La mujer solloza desconsoladamente, la niña abraza a su madre desesperada. El conductor asiente serio con la cabeza y se dispone a continuar su camino pero de pronto parece cambiar de opinión y dirigiéndose a Alberto le dice.
- ¿Y usted que va a hacer?
Alberto esta confundido, la mujer lo mira y prorrumpe en llanto, la niña comienza a gritar “Mami, mami”. Alberto otorga como toda respuesta una encogida de hombros. El hombre insiste.
- ¿No escuchó nada?
Alberto no sabe a que se refiere, el solo habla con Don José y solo diez minutos una vez al mes, ¿escuchar?… arriesga por respuesta un “No”.
La mujer le grita a su marido.
- ¡Vamos te lo ruego, vamos de una vez!
El marido la ignora y mira al hombre en la tranquera con una curiosidad malsana, luego le espeta con furia.
- ¡Idiota!, ¡Imbécil! ¡ Esta confirmado, todo el planeta lo sabe!, ¡Un meteorito gigante va a caer del cielo y colisionar con la tierra esta noche!, ¡El mundo va a desaparecer!, ¡La humanidad va a extinguirse!, ¡Todos vamos a morir… y usted también!.
Aprovechando los segundos de silencio después del exabrupto, la radio del vehiculo vocifera en alta voz noticias sobre depósitos bancarios, derrumbe de la bolsa, patrimonios culturales, asesinatos, suicidios, caos.
La mujer empieza a llorar histérica “Vamos, vamos quizás en la mina podamos…”.
El hombre esta acostumbrado a vivir con la naturaleza, esta le ha enseñado mucho más que la escuela, el ciclo de la vida y su final irreversible no le es ajeno.

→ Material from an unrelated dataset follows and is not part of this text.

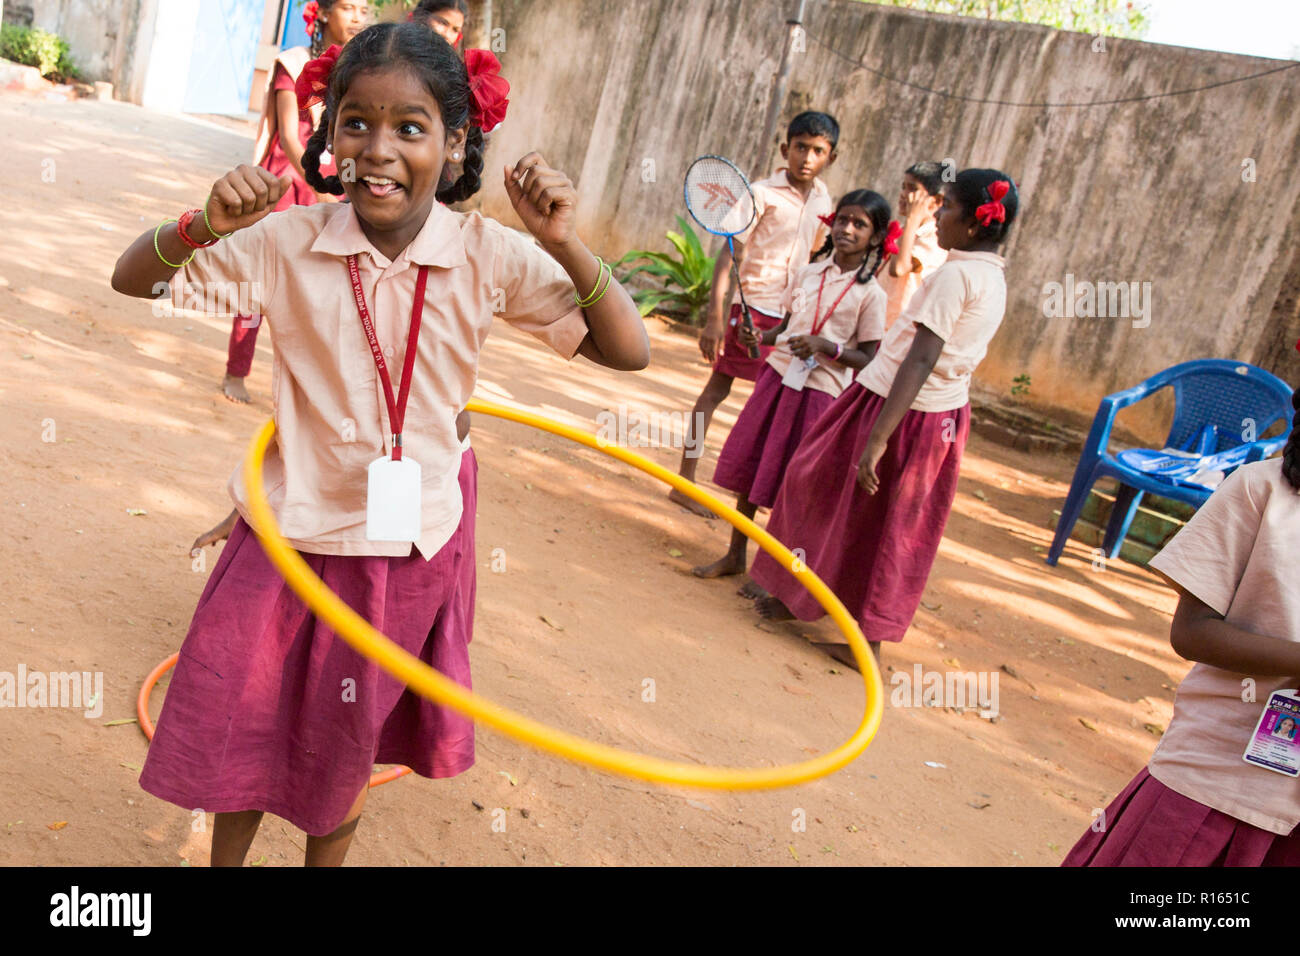 Niños jugando en un parque infantil con una niña haciendo hula hoop con una  chaqueta naranja fotos de archivo
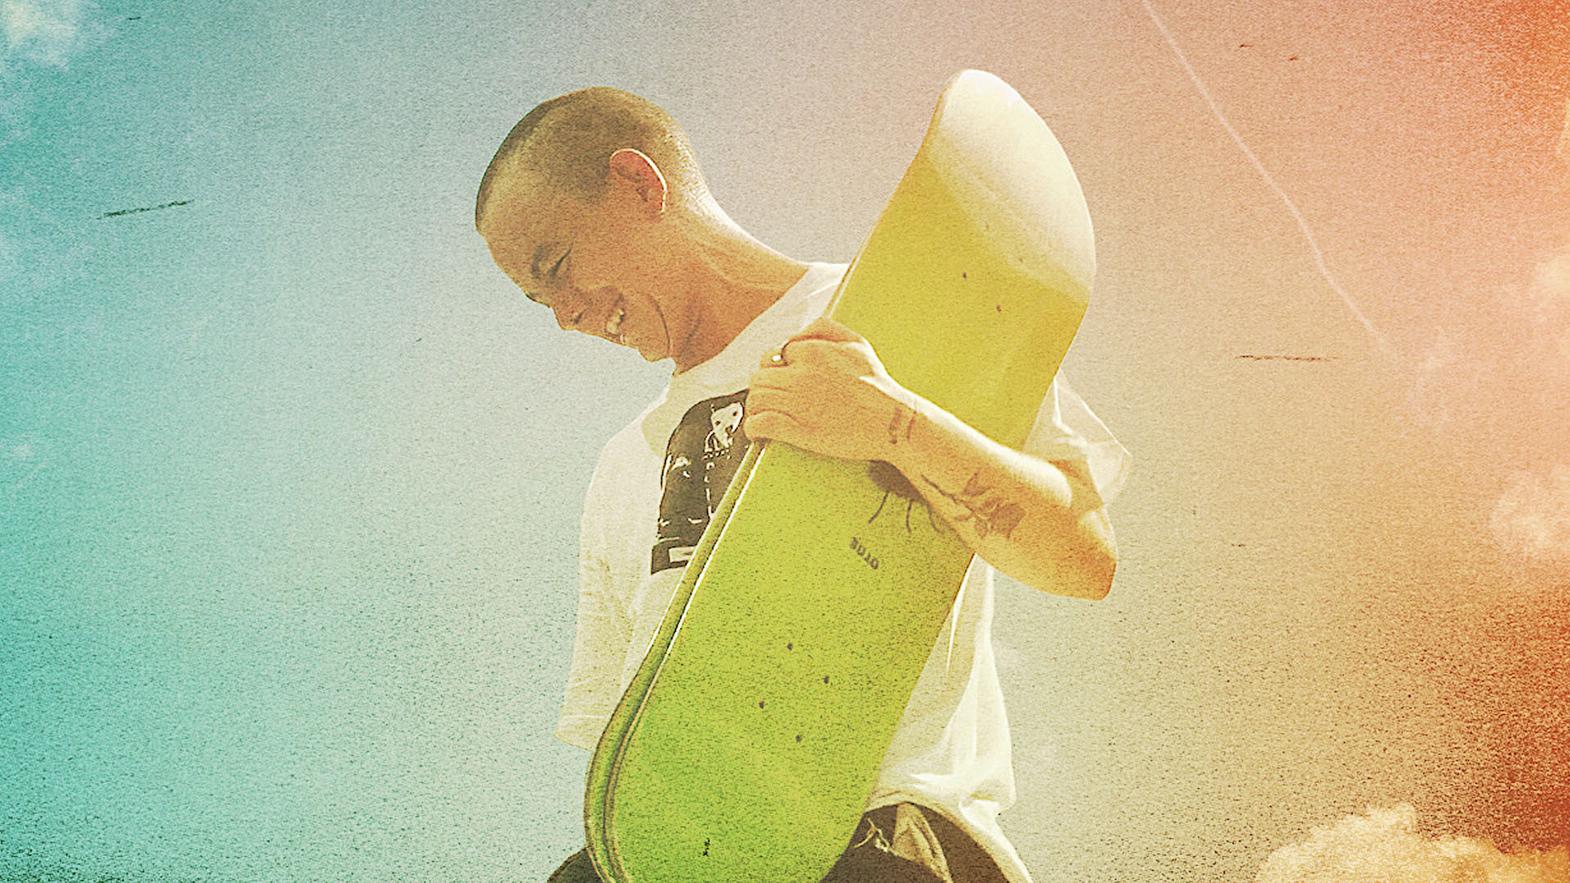 Trans skateboarder Leo Baker stays on board in new Netflix documentary

Medita unos instantes “Que todos vamos a morir… y que yo también… ¡pucha con la novedad!... ¿que creían?”
Alberto los mira con tristeza, no se siente ofendido ni por los insultos ni por los gritos, solo le entristece la mirada de la niña. Alberto no terminó la primaria, sabe que hay cosas que jamás entenderá, que del conocimiento del mundo el efectivamente es un idiota. Mantiene la vista en el hombre hasta que este forcejea con la palanca de cambios y pisa el acelerador. La niña apoya su mano contra el vidrio. Sus ojos grises como el cielo a punto de llover lo miran un último segundo. Sus ojos grises, iguales a los de... Alberto sacude la cabeza espantando las imágenes en su mente.
El auto corre veloz rumbo a la montaña.
El hombre y su perra lo ven alejarse durante varios minutos. Alberto repite.
- ¡La pucha!, ¿Cuándo fue la última vez?

Como todas las tardes, esta transcurre con las manos sobre las manijas del arado secando cada tanto el sudor de su frente. El hombre solo piensa en la tierra, la reja, las piedras, los terrones y el pedazo de tierra que aún falta arar.
Las sombras se estiran velozmente, hablándole a la perra dice.
- ¡Pucha!, me parece que hoy tampoco terminamos.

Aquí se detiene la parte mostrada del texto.